- [PROVIDED DATA]
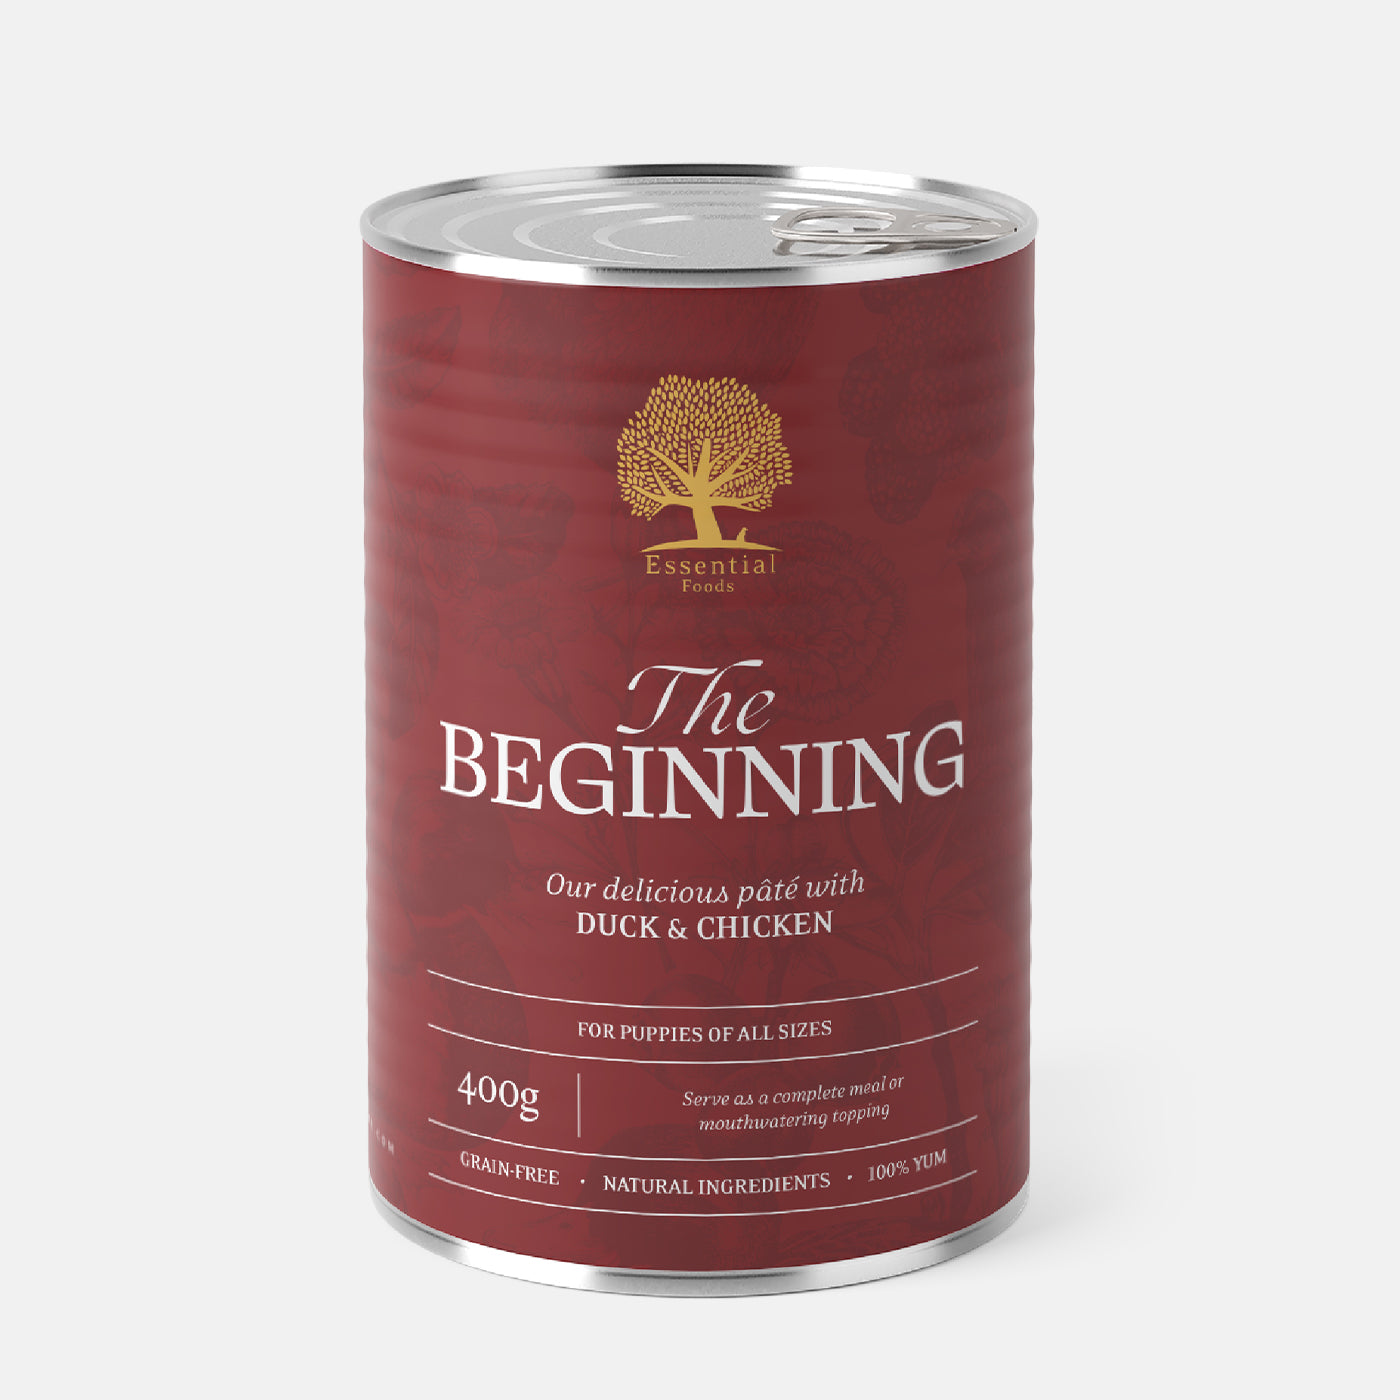 Essential Foods The Beginning Pate Dog Food 400g
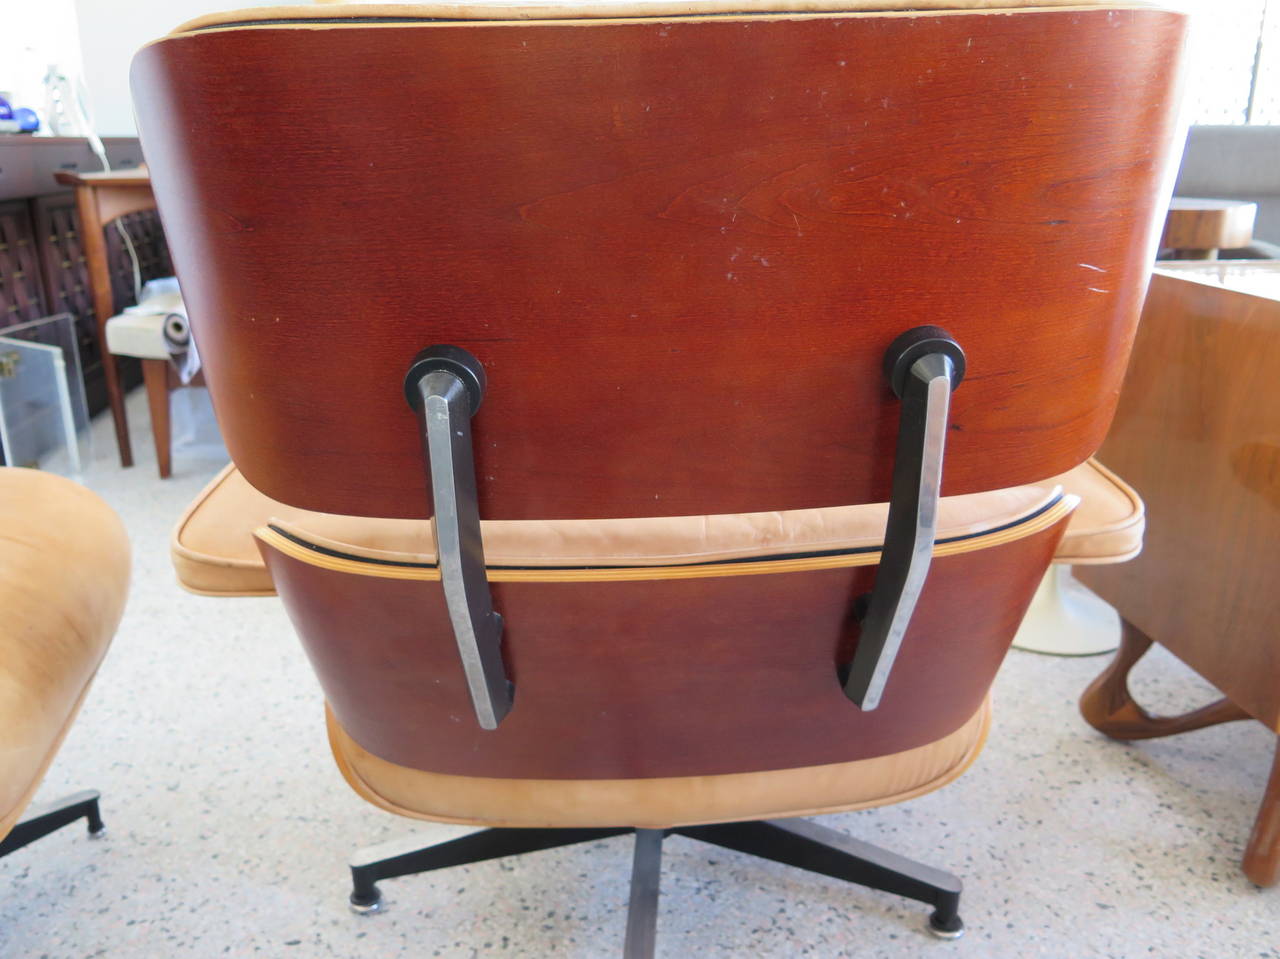 A Classic Charles Eames 670 lounge chair with two (2) ottomans. Original baseball glove patinated leather soft and supple. Walnut veneer. Signed Herman Miller and dated 1996.
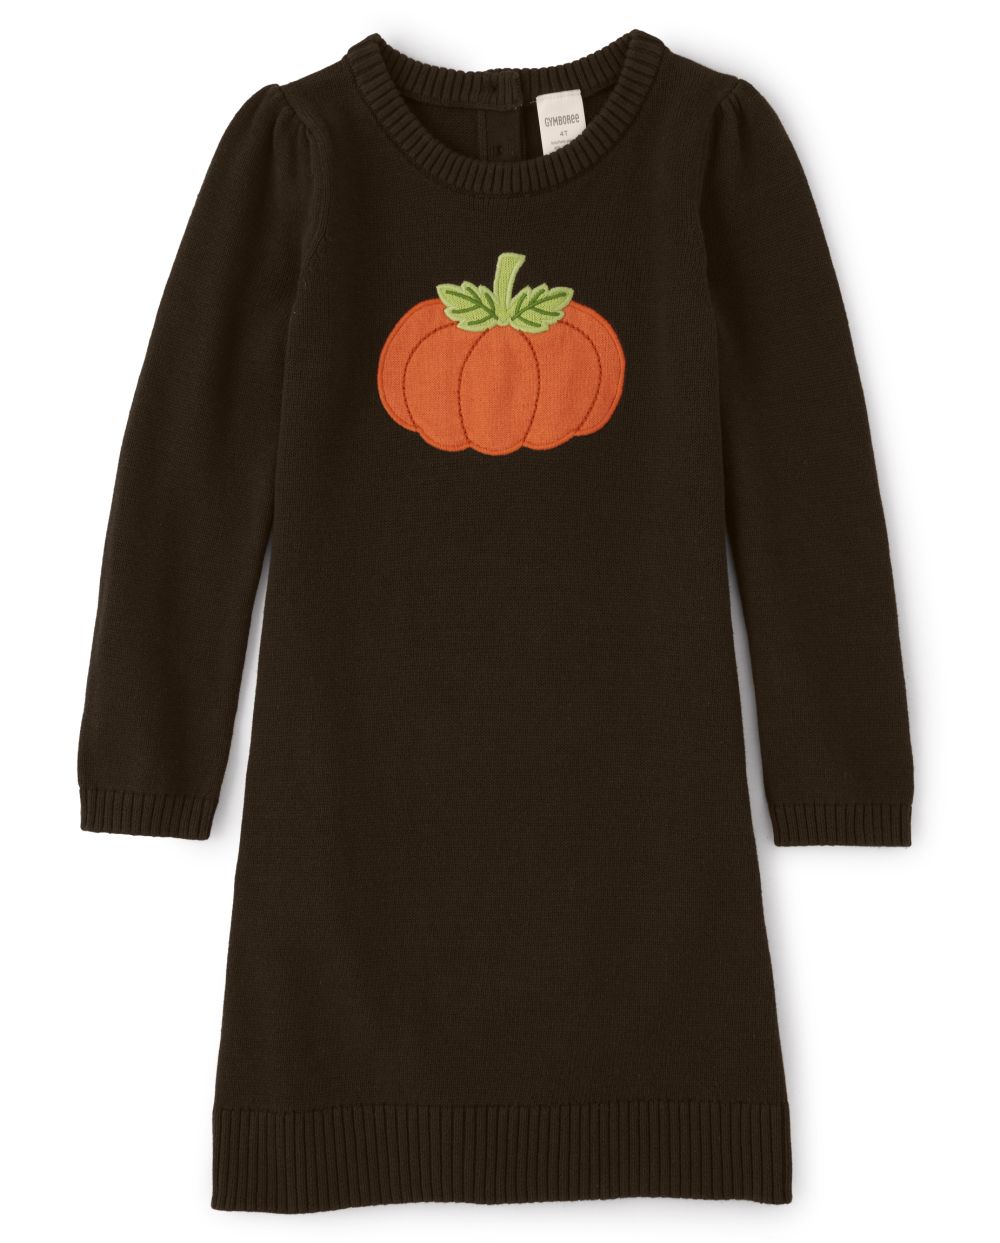 matching sibling fall outfits, brown sweater dress with an orange pumpkin in the center
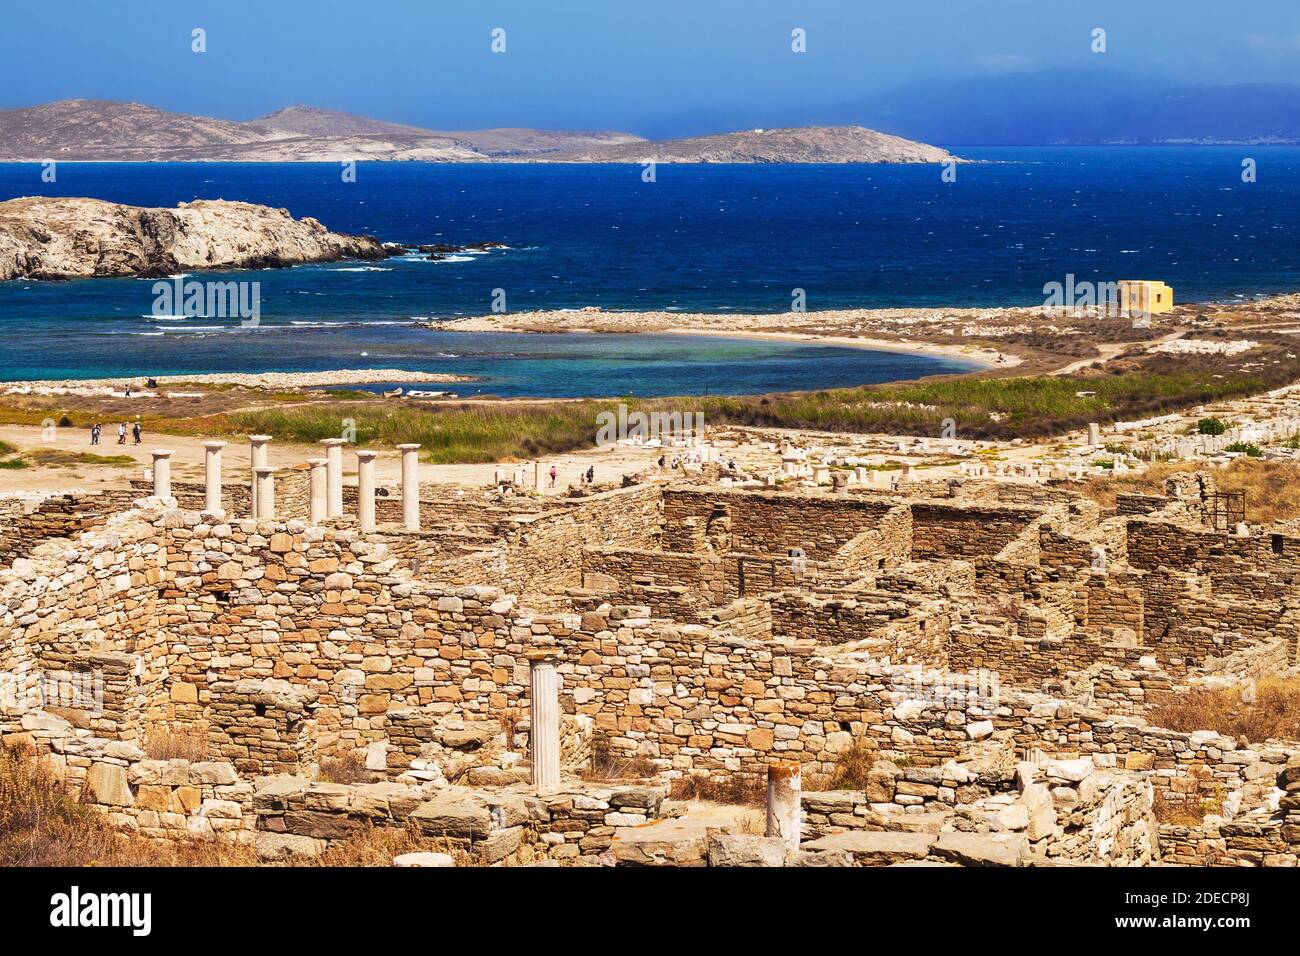 Ancient ruins on the island of Delos, Greece Stock Photo

- [REQUIRED WORK] An exact copy of the whole listing is required, minus the pictures.

- [RESULT]
 Essential Foods The Beginning Pate Dog Food 400g
 A Classic Charles Eames 670 lounge chair with two (2) ottomans. Original baseball glove patinated leather soft and supple. Walnut veneer. Signed Herman Miller and dated 1996.
 matching sibling fall outfits, brown sweater dress with an orange pumpkin in the center
 Ancient ruins on the island of Delos, Greece Stock Photo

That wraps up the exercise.